There is only one thing I care about happening in Edinburgh this week, and that is sweet, sweet sleep.  After the Scottish Showcase at the Old Queen’s Head last night (brilliantly put together by Anthony and Alice from God Don’t Like It, God bless their odd-couply socks) we stuffed everyone back in the van and I drove the eight hours back from Lahndan just in time to drop everyone off for a sleep and come straight to work.  So my brain is now in a puddle in the bottom of my shoes, and bollocks to gigs this week.

And you know what?  There’s fuck all happening in Edinburgh this week.  Yes, genuinely fuck all.  Unless I miss my guess which, let’s face it, wouldn’t surprise anyone there really isn’t a single gig that I would personally be heading to this week.  And you know, that might be the first time since I started writing this weekly listings post that this has happened.

Anyhow, in the absence of my anyone else’s shit to pimp, I suppose I should just pimp some of my own shit, because on Thursday night Jesus H. Foxx and Meursault are playing at the Go North music industry booze-a-thon in Inverness, before Meursault head on to play at the Rockness Festival on Sunday.  The Foxx have just released a teaser from their debut album, a track called Jeff & Josephine, which you can find on their blog, here.

As well as musicky things, you’ll find Derick and Olaf from Born to Be Wide up in Inverness, hosting four seminars over two days at the Ramada Jarvis Hotel on the subjects of bands who do everything themselves*, band management, alternative ways to making money out of music and getting your music synched to TV or film.  The full details are on their MySpace page, and I recommend getting along if you can, because these seminars can be very useful.

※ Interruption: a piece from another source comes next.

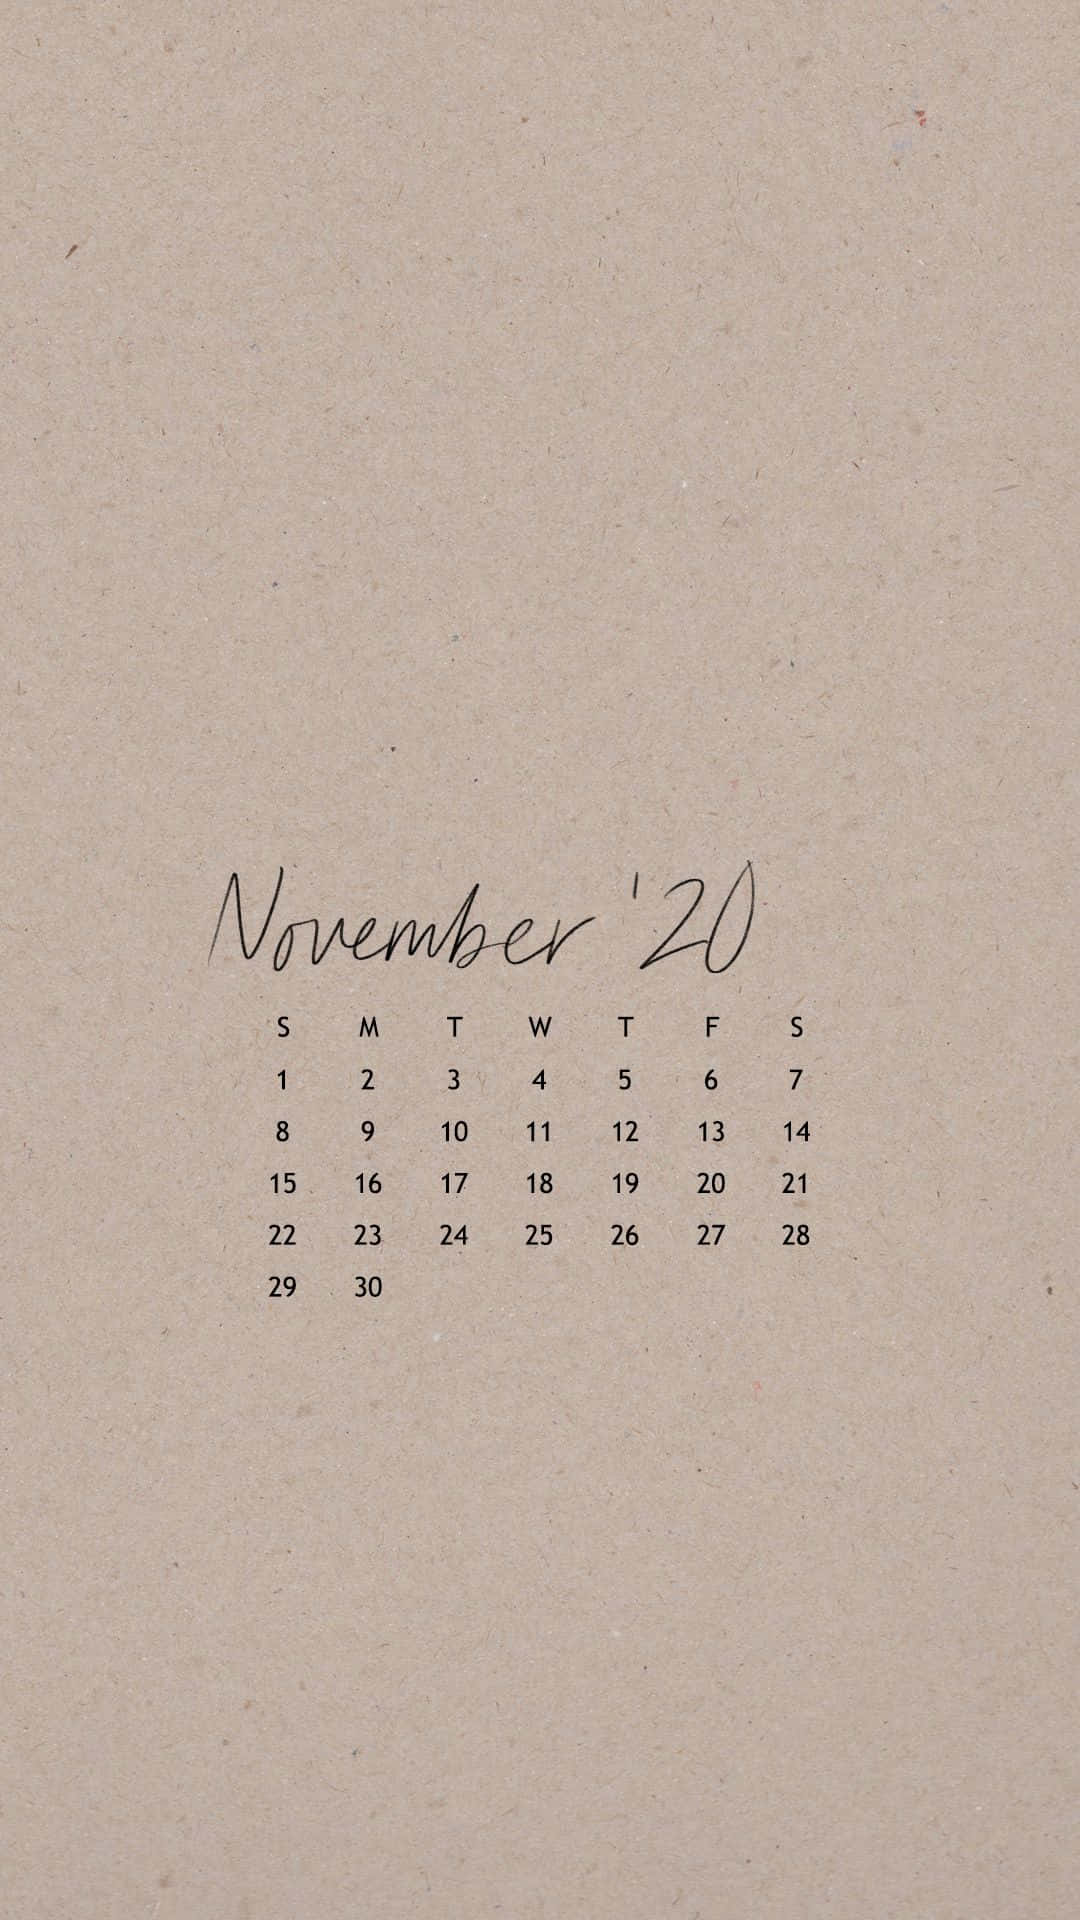 Aesthetic November 2020 Calendar Wallpaper

Even if the chat itself can get a little derailed into amusing anecdotes at times which, whilst highly enjoyable, are not of all that much practical use, you can generally spot the people you want to have an extended chat with later on and then collar them in the bar when they’re vulnerable – so there are several ways to get a bit of extra value out of these things.

And, of course, it will be a monumental piss up.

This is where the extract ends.